Separately, Dr Crystal Oldman, chief executive of the Queen’s Nursing Institute (QNI), ‘welcomed’ the addition of GPNs, but noted there were ‘still restrictions’ with the scheme.

She pointed to how a GPN cannot be employed under ARRS within the same PCN as their current job for 12 months.

‘This restriction only applies to GPNs, not other clinicians, and we are concerned that it may unfairly limit the options of GPNs who want to move positions,’ Dr Oldman said.

She argued that GPNs need a ‘greater profile’ in discussions around the GP contract, and noted that the QNI was ‘not consulted as an independent voice’.

‘In reality, GPNs deliver much of the front-line primary health care that the GP contract provides,’ she continued.

In a briefing paper last week, the RCN accused the government of failing to address long-term pay disparities faced by general practice nurses by instead directing funding through the ARRS.

The union warned that the scheme, ‘if implemented badly’, may not fit with the principles or continuity of care and personalised care, as it would require nursing staff to work across multiple practices.

Related Article: Practice nurses – the ARRS’s collateral damage?

And it suggested GPNs in ARRS could face ‘unstable employment’, with fixed-term contracts instead of permanent ones.

In January, Nursing in Practice heard how the introduction of GPNs to ARRS risked ‘significant instability’ that could ‘deplete’ practices of nurses.

Also in January, an exclusive white paper published by Nursing in Practice’s publisher Cogora revealed that GP practices across England are struggling to recruit much-needed nurses because they are unable to match salaries given elsewhere.

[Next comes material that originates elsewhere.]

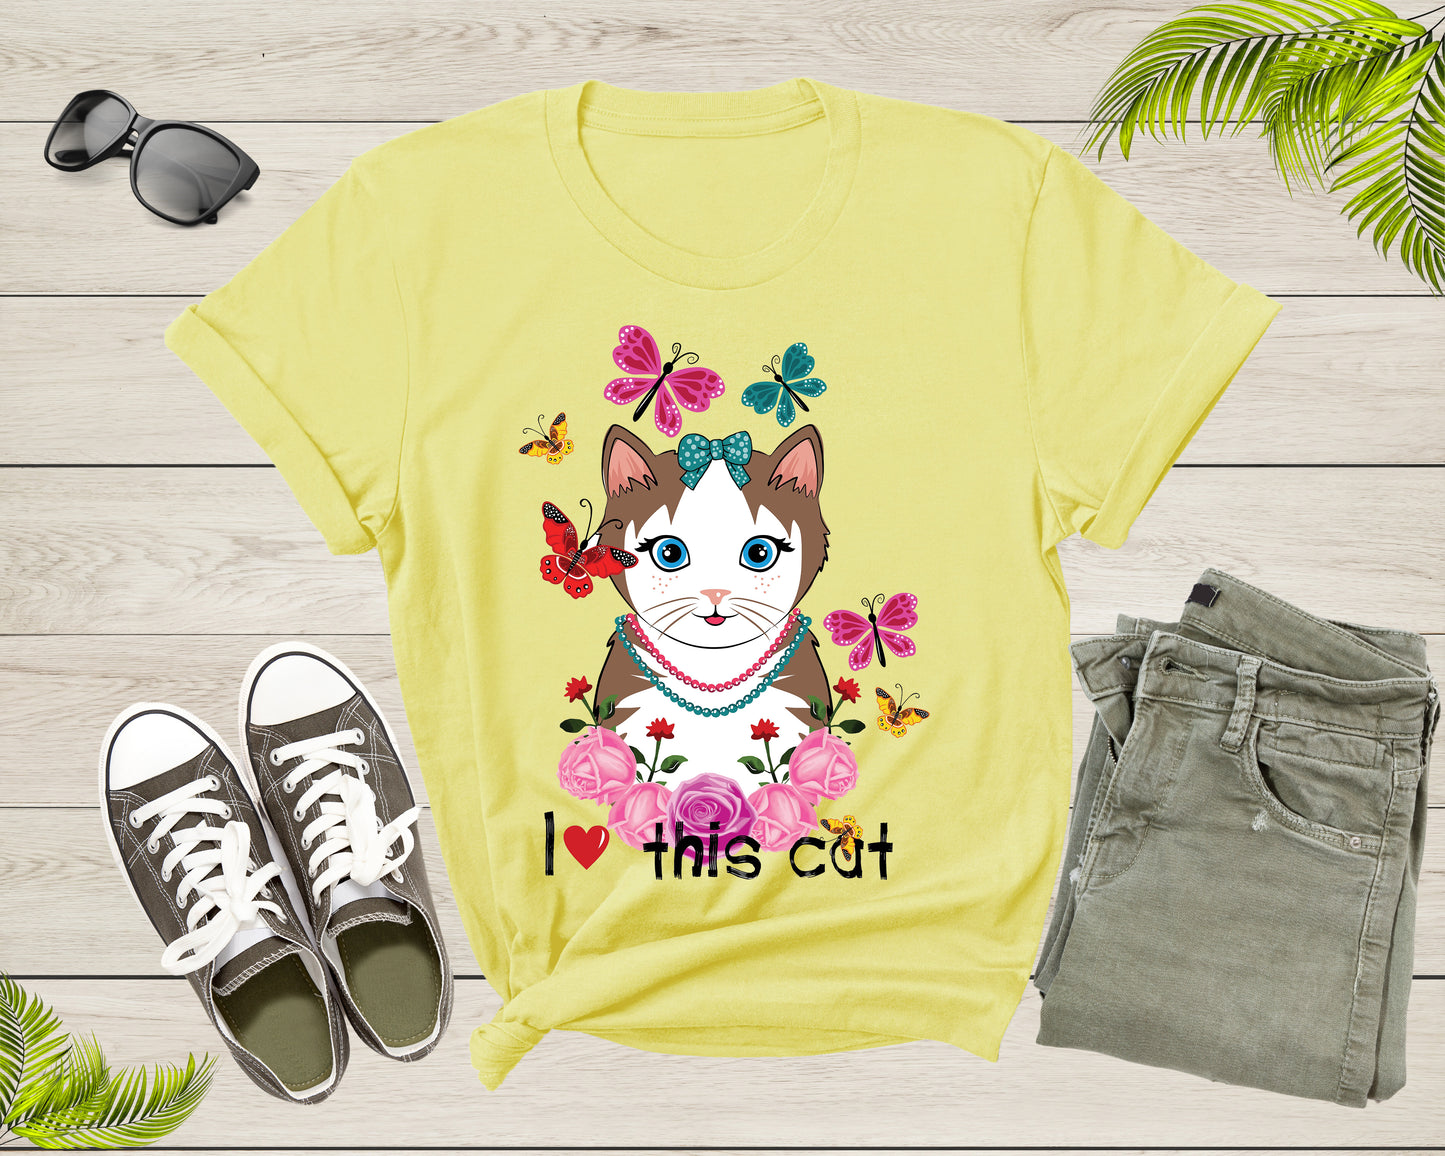 Cute I Love This Cat Butterflies and Roses for Women Girls T-Shirt Cat Lover Gift T Shirt for Men Women Kids Boys Girls Graphic Tshirt

As part of last year’s contract, the enhanced practice nurse role was added to the ARRS – designed to be a role that delivers ‘enhanced clinical care’ and to act as a ‘clinical role model’ for evidence-based practice.

Nursing associates and advanced nurse practitioners are also already included within the ARRS scheme.

Today, the BMA said it had accepted various proposals from the government that it said will see ‘important revisions made’ to the 2025/26 contract for GPs and PCNs.

The proposals represent a ‘crucial step towards recovery’ for practices in England, the BMA added, and includes an £889m uplift in funding for the general medical services contract.

Related Article: Practices struggling to recruit nurses due to salary constraints, finds report

According to the BMA, the increase, which is in addition to a £433m investment applied to the contract last autumn, will provide a 7.2% cash growth in contract funding, ‘helping to fund a range of initiatives to support practices’.

Chair of the BMA’s GP Committee Dr Katie Bramall-Stainer said today on BBC Breakfast: ‘We’ve still got a very long journey of recovery to come, and I think the first signs of green shoots that patients will experience is that they will start to get to know their doctor and the staff at their local surgery.

‘Local surgeries aren’t closing, surgeries are advertising for more staff, for more nurses and GPs to provide more appointments. But that’s going to take time, because we’ve got a very long way to go.’